TASK OBJECTIVE - In the records below, find the line that contains "First Records of" and the line that contains "Hair Png 6 by Moonglowlilly on DeviantArt"; write out exactly those two lines and everything between them, without the pictures.

DATA LISTING -
########################################

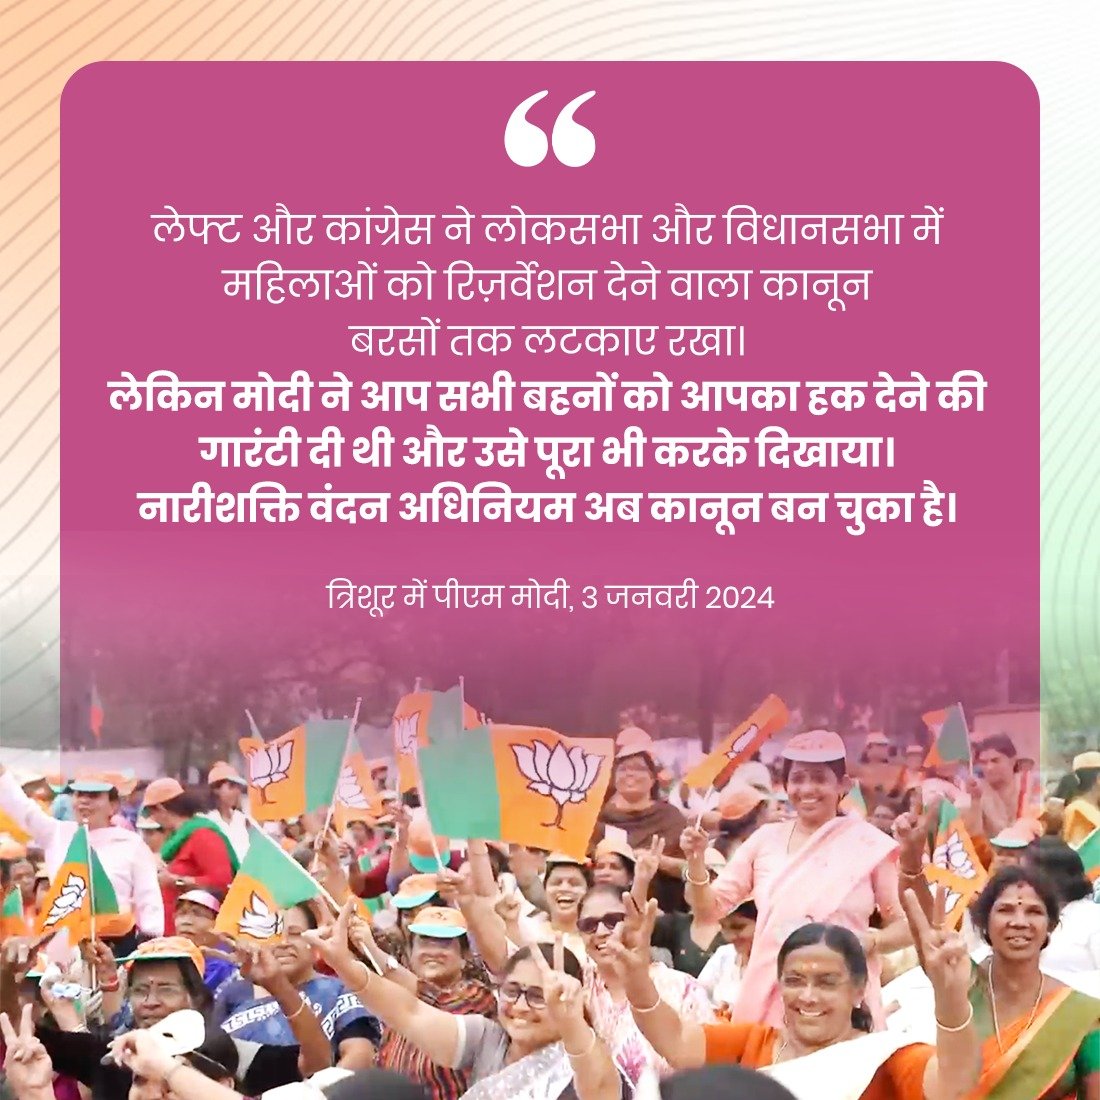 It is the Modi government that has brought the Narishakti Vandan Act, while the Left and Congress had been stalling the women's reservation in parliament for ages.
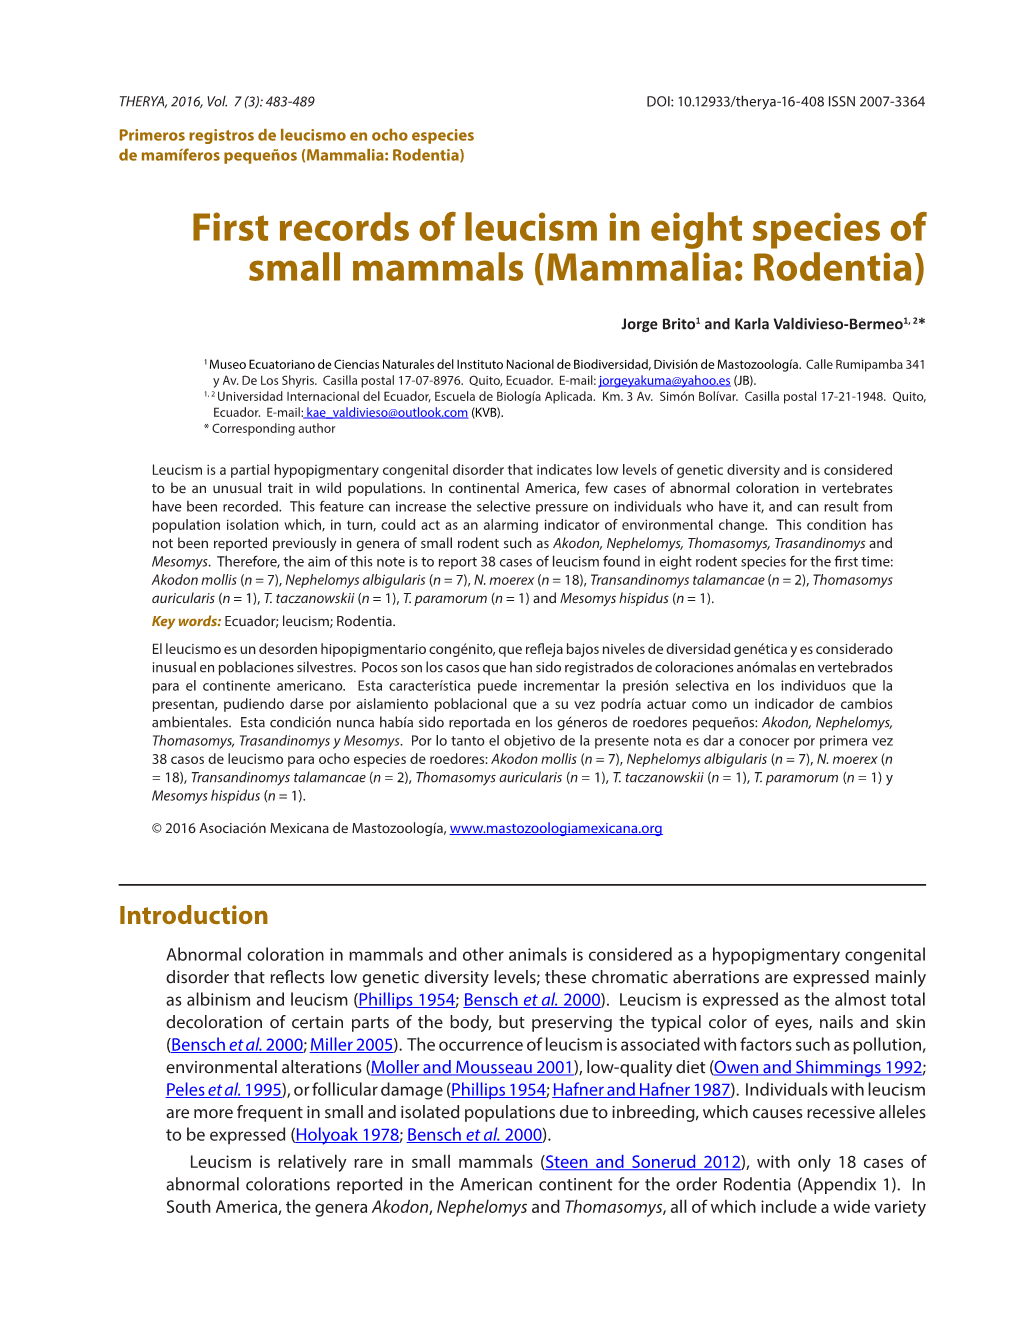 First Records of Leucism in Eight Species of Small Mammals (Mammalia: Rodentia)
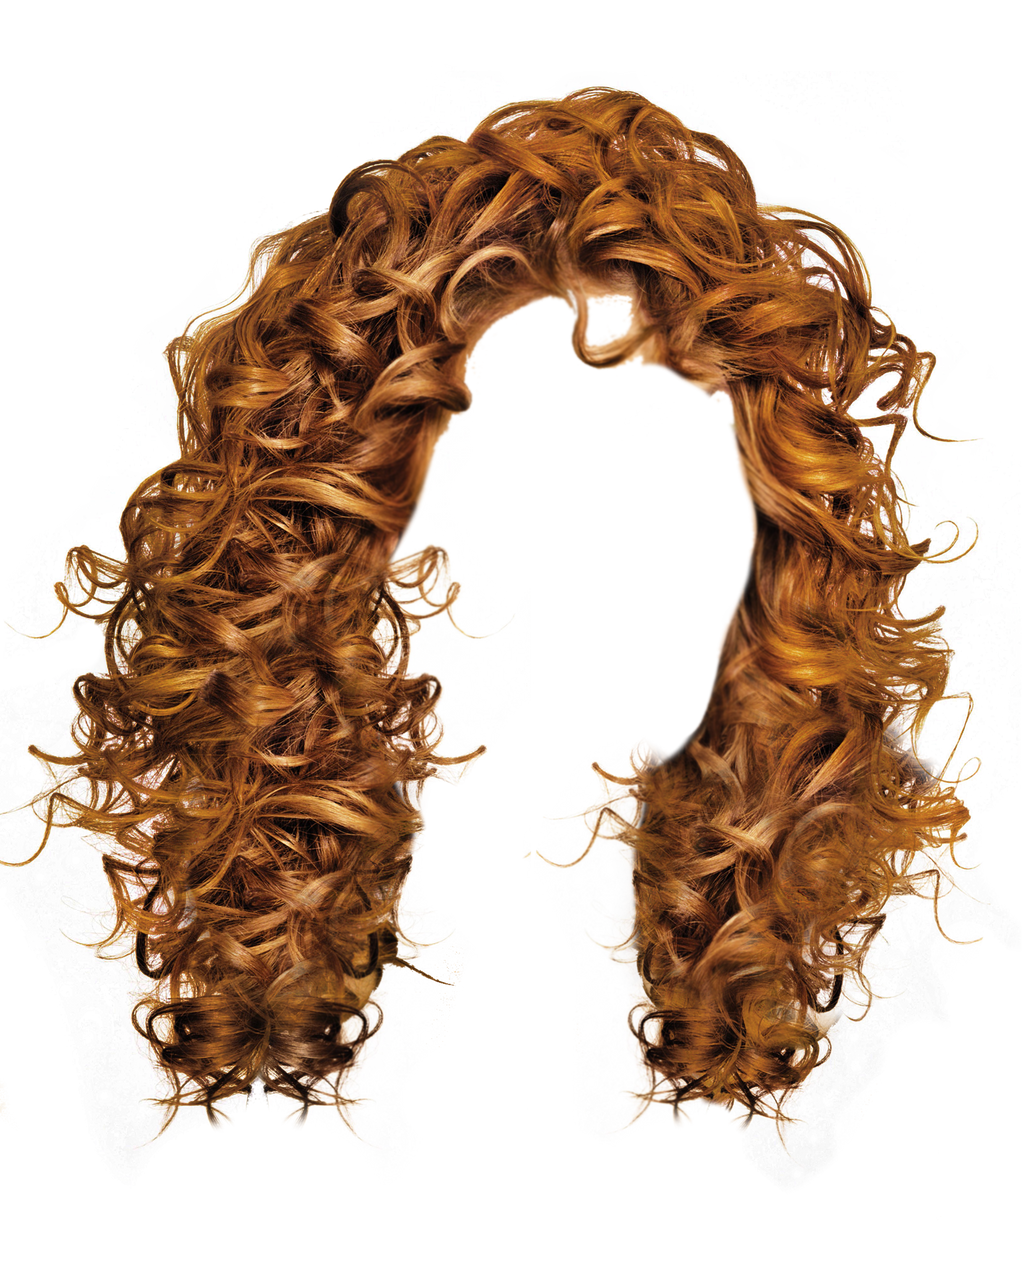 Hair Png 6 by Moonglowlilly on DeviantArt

########################################

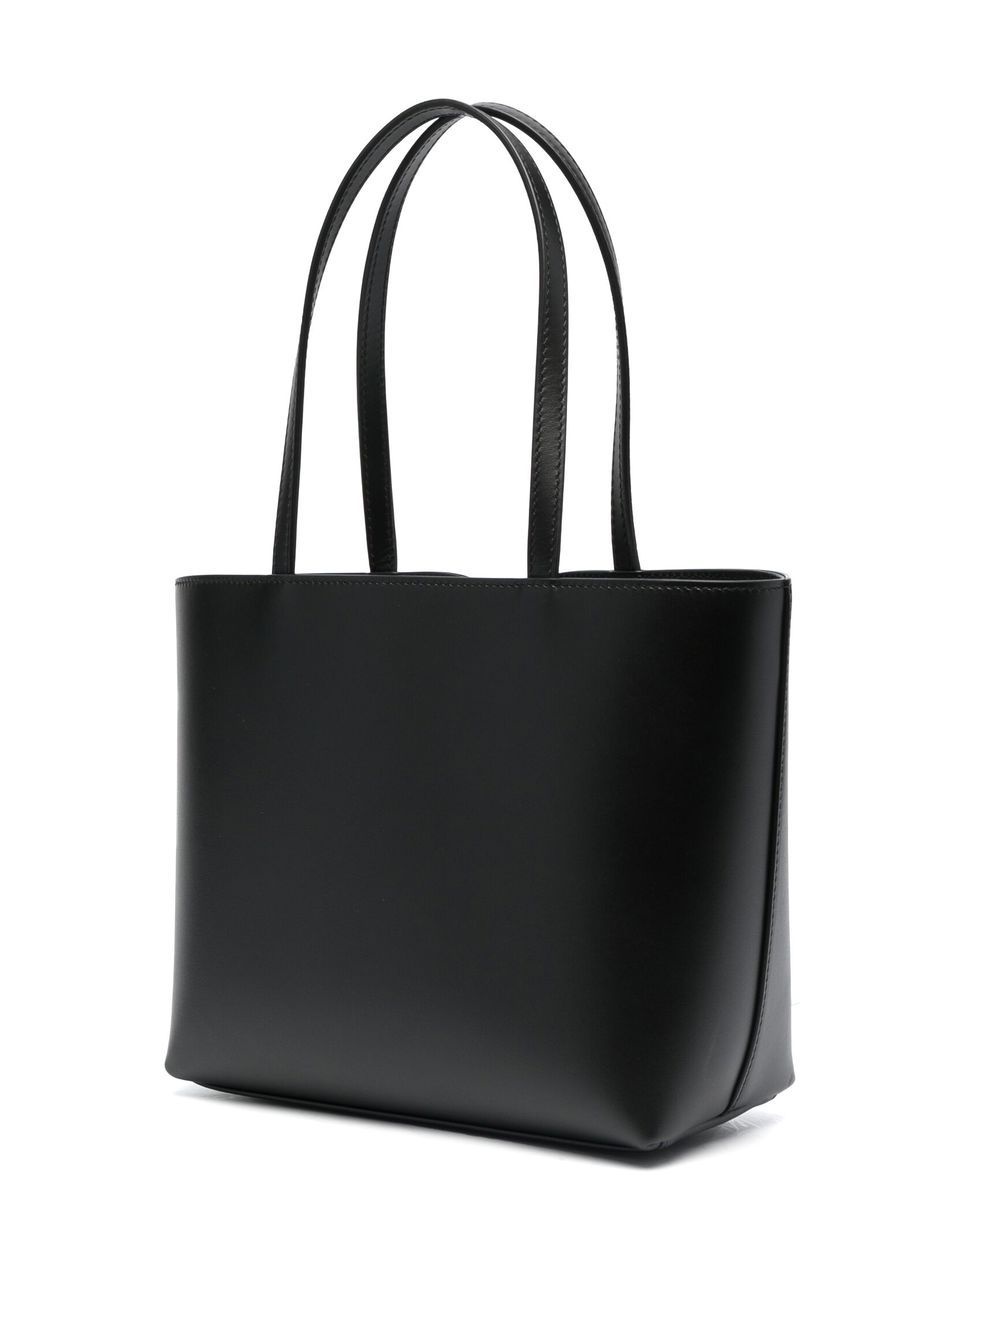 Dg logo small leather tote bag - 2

########################################

SOLUTION BELOW -
 First Records of Leucism in Eight Species of Small Mammals (Mammalia: Rodentia)
 Hair Png 6 by Moonglowlilly on DeviantArt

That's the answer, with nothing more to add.